Alport syndrome is a genetic condition and Its symptoms are characterized by kidney disease, hearing loss, and eye abnormalities.
People with this syndrome experience progressive loss of kidney function. Almost all affected individuals have blood in their urine (hematuria), which indicates abnormal functioning of the kidneys. Other symptoms include High blood pressure, protein in the urine, and Edema.
Many people with this syndrome also develop high levels of protein in their urine (proteinuria). The kidneys become less able to function as this condition progresses, resulting in end-stage renal disease (ESRD).
People with Alport deafness-nephropathy frequently develop sensorineural hearing loss, which is caused by abnormalities of the inner ear, during late childhood or early adolescence. Affected individuals may also have misshapen lenses in the eyes (anterior lenticonus) and abnormal coloration of the light-sensitive tissue at the back of the eye (retina). These eye abnormalities seldom lead to vision loss.

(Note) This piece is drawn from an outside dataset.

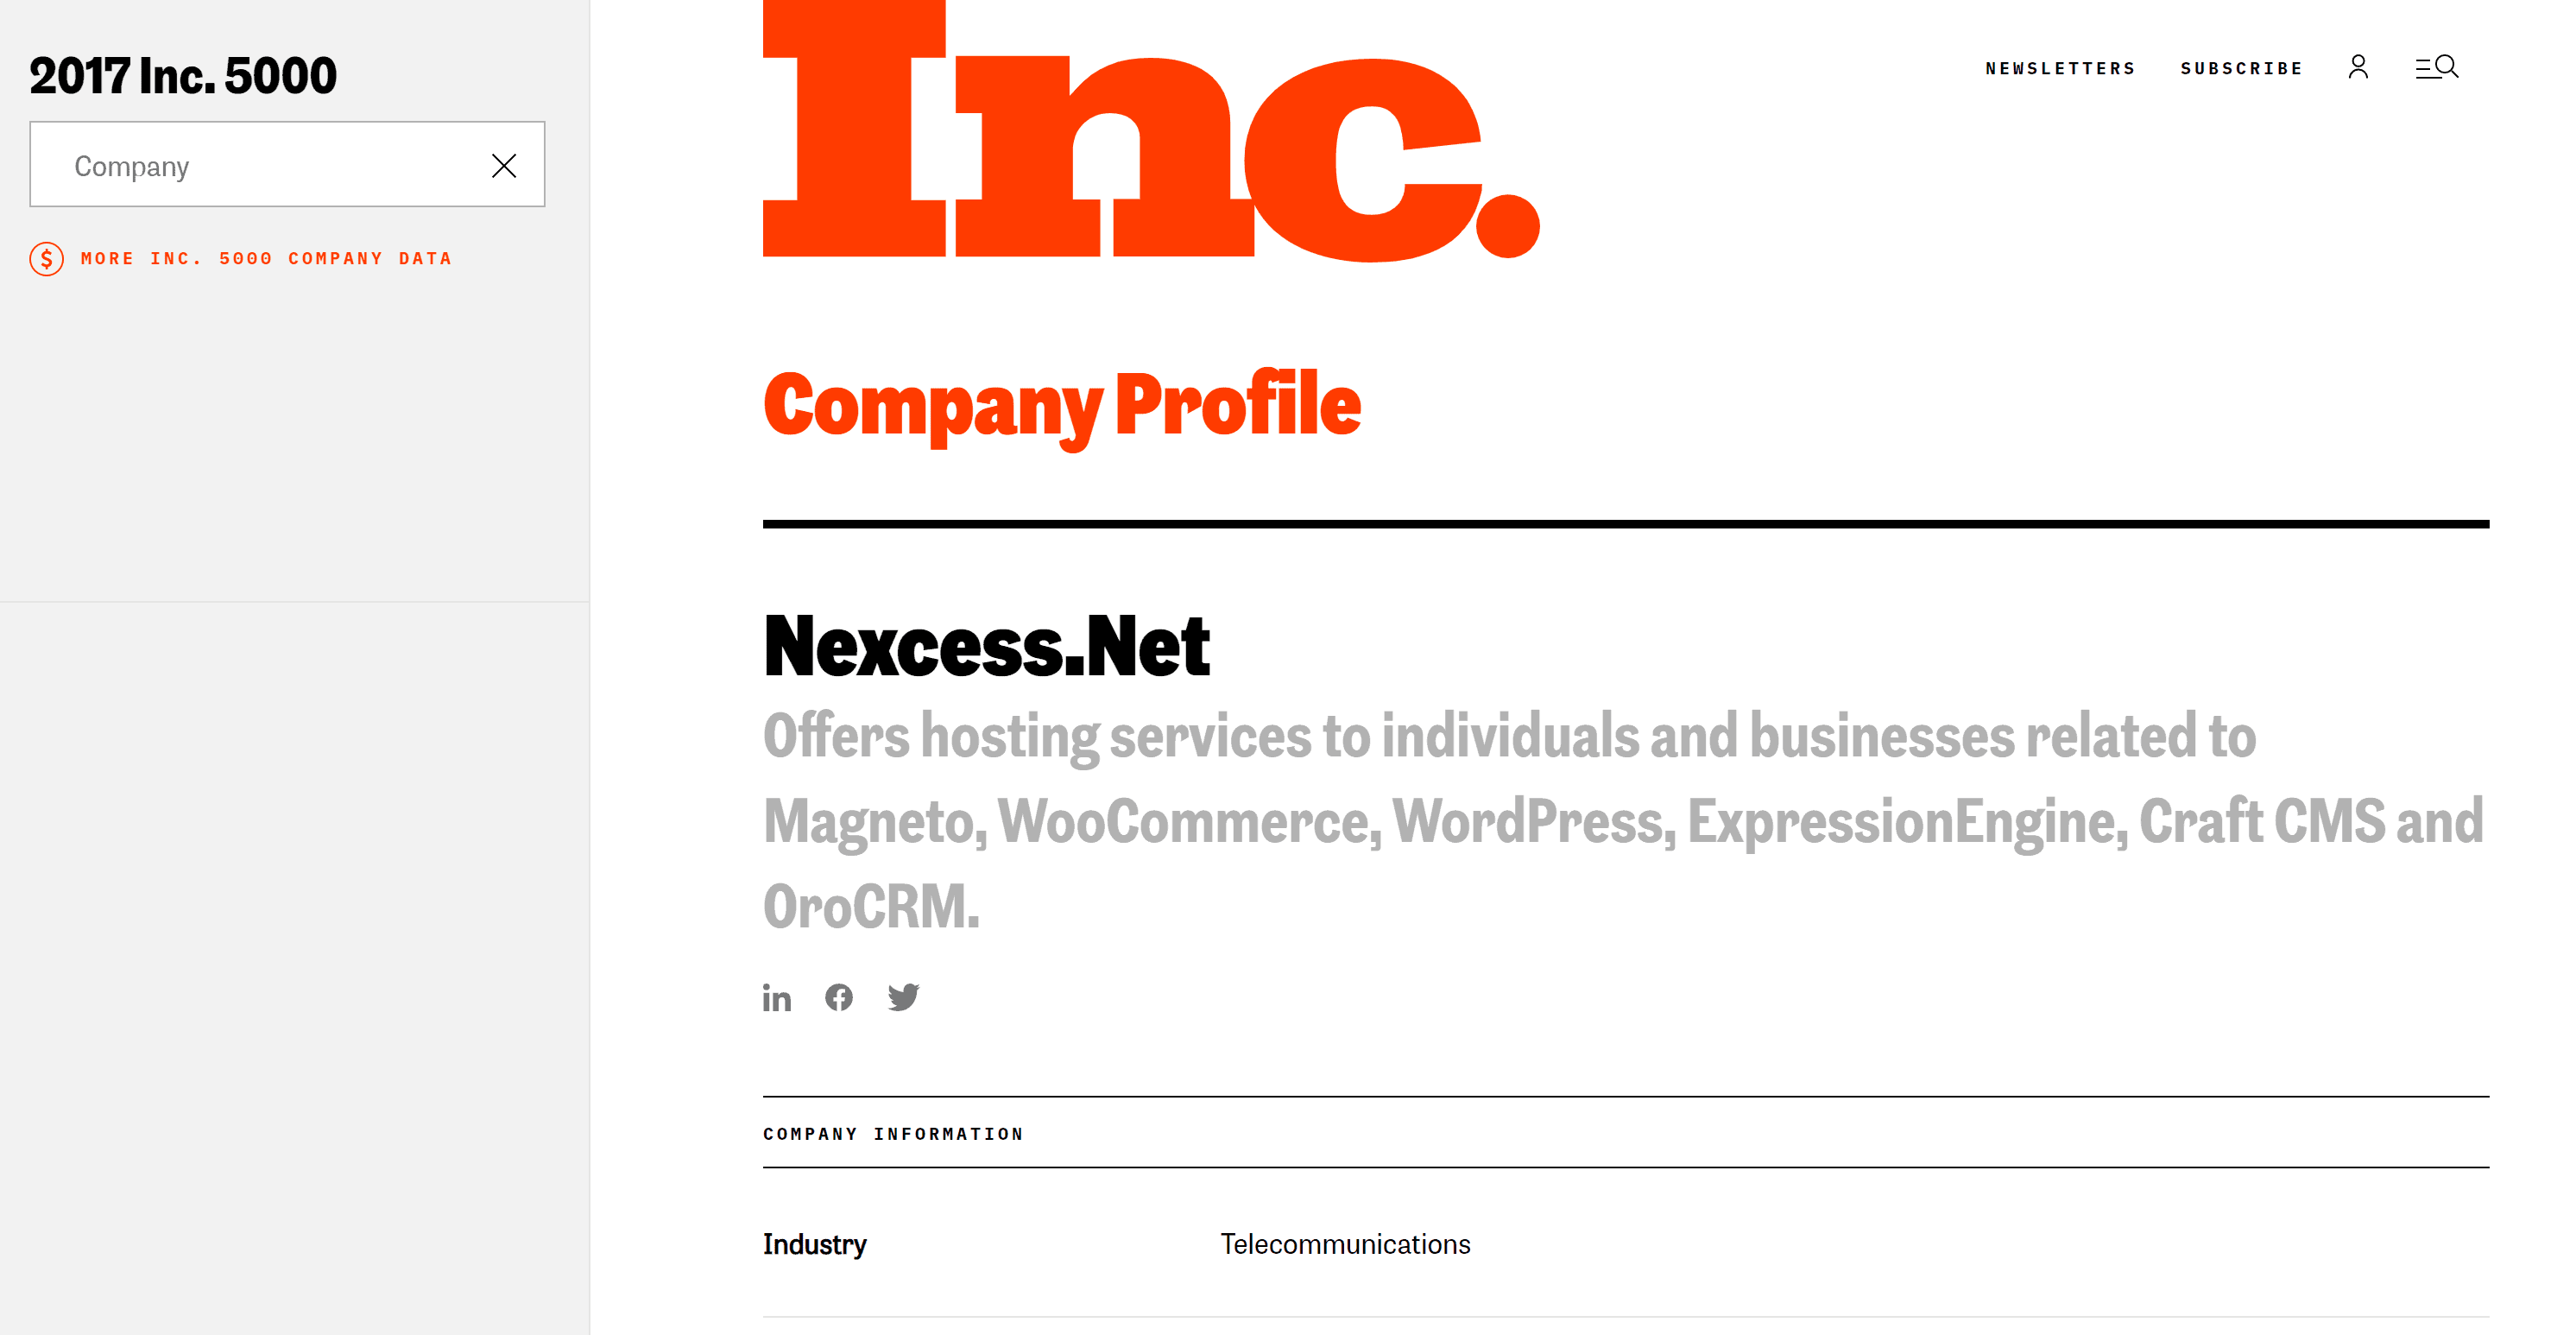 Nexcess has made the Inc 5000 list 8 times since 2010

Significant hearing loss, eye abnormalities, and progressive kidney disease are more common in males with this syndrome than in affected females.
Currently, there is no specific treatment for Alport syndrome. The goal is to treat the symptoms and help slow the progression of kidney disease. This may include:
- ACE inhibitor or ARB medicines (medications to control high blood pressure)
- Diuretics (water pills)
- Limit sodium (salt) in your diet
If you are approaching kidney disease because of Alport syndrome, kidney transplantation is usually very successful in people with Alport syndrome and is considered the best treatment when kidney failure is approaching.